Пушок
Собаки всё понимают
и люди, оказывается, тоже.
Палукса — это такое место, которое вроде бы и находится в шестидесяти километрах от центра цивилизации огромного мегаполиса, но в нём, в этом месте, словно остановилось время. Таких населённых пунктов очень много. Эти деревни, посёлки, городки будто бы запечатала в себя никому необъяснимая капсула времени. Кто-то успел из неё вырваться, кто-то успел проникнуть и остаться внутри навсегда, как минимум в нашей памяти. Сколько таких? Великое множество! В них, зачастую, невозможно проникнуть просто так, обязательно должно быть некое связующее звено. Да, вы можете приехать туда в любой момент на авто или электричке, но вы никогда не проникнете в мир этого населённого пункта без проводника. Палукса — такое близкое, но такое же непостижимое, как созвучная звезда Поллукс в созвездии Близнецов. Даже железнодорожная ветка, которая идет от огромного города, через посёлок, имеет только один путь. Другими словами, поезд или электричка может двигаться только в одном направлении. Первое впечатление горожанина-миллионника - «Дыра!» Любой человек, хоть раз в жизни, бывал в таком месте. Из цивилизации в посёлке, в те годы, было только электричество и редкие электрички, хотя вот кажется, совсем рядом, в городе уже внедряли, полным ходом, Виндовс 2.0. Здесь жили интересами сорока, а то и пятидесятилетней давности. Хорошо жили, плохо — никто не знает, но многие жаждали уезжать из таких мест, совершенно не зная зачем. Оставались только старики, не имея телефона, всё время ждали чего-то: смерти, посещения детей или внуков или их гробов.

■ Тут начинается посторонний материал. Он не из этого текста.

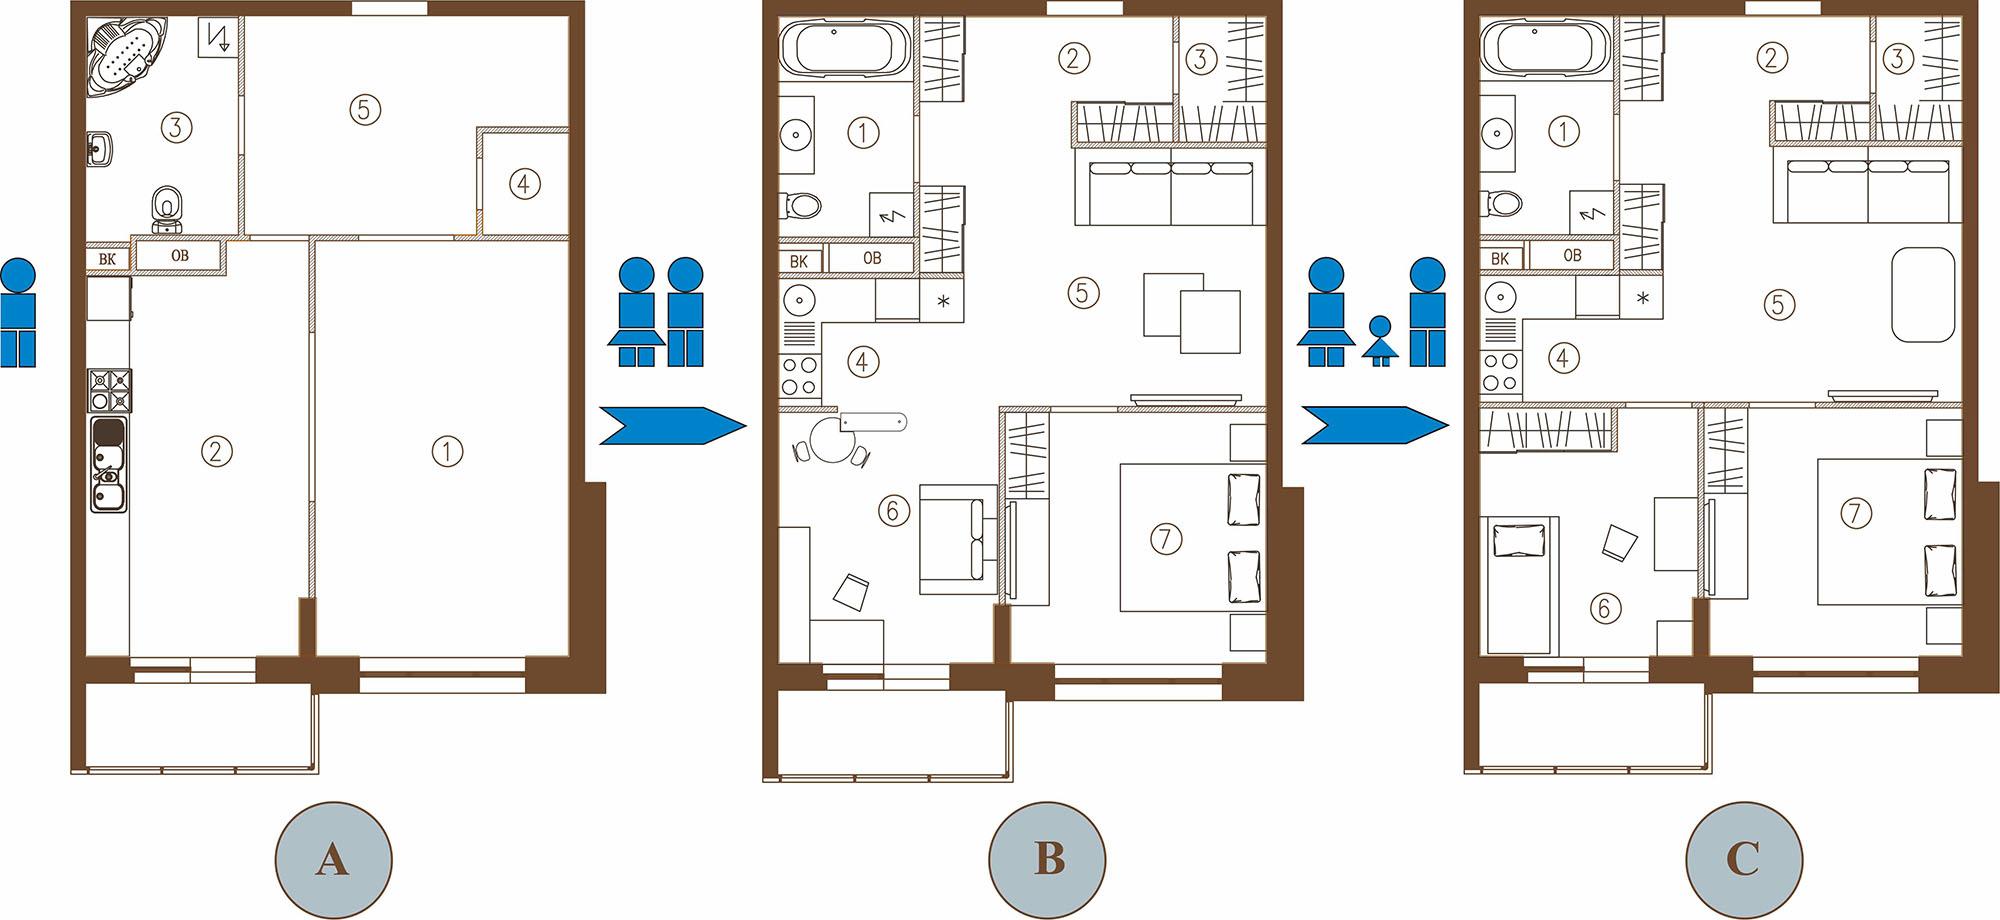 Примеры перепланировки квартиры

Мирон и Настасья жили как все, в этой капсуле времени. Когда-то, после войны, проводили свою дочь в город, искать счастье. Дочь вышла замуж, родила дочь, развелась и начала пить. Дочь(внучка) росла бесхозной, никому ненужной, улица да интернаты, пока мать спивалась, до чёртиков, от несчастной любви. Однажды даже сиганула из окна шестого этажа, но выжила. Алкоголь был её жизнью, она могла не есть, но не пить не могла. В итоге, в одной из попоек, собутыльники проломили ей голову молотком. Она несколько дней ходила по комнате с кровавым углублением в черепе, размером три на три. В больницу не поехала и, конечно же, умерла. Её дочь, Лена, переживала не сильно, но организовала похороны и привезла гроб с матерью на историческую родину, в Палуксу, где этот гроб и зарыли, потому что хоронить в таких местах было дёшево. Мирон и Настасья, пережившие войну и трагедию дочери, плакали на могилке, тихонько, как дети. Ничего они больше не могли сделать в этой жизни, только умереть в этой капсуле времени.
Внучка Настасьи и Мирона была сильной, но выросла в безразличной среде, такая девушка без эмоций, а только с великой способностью к вживанию. Конечно же курила, пила и трахалась, но в меру, зная опыт матери. Опять же понятие меры было очень относительным. Когда она встретила Мишу, он показался ей человеком с другой планеты. Из нормальной семьи, где была любовь, был нормальный дом и традиции. В голове у Миши, на удивление, были не только мысли о том, как завалить красотку в койку. Никто не знает, выжив в таких условиях, могла ли Лена вообще любить, но она искренне желала Миху затрахать так, чтобы он ни о чём думать больше не мог, кроме неё. Было в Лене что-то животное, чего Михаил раньше не встречал. На этом они и сошлись, на разнице полюсов. Если говорить про «марафон», то это был именно он, тот самый «марафон».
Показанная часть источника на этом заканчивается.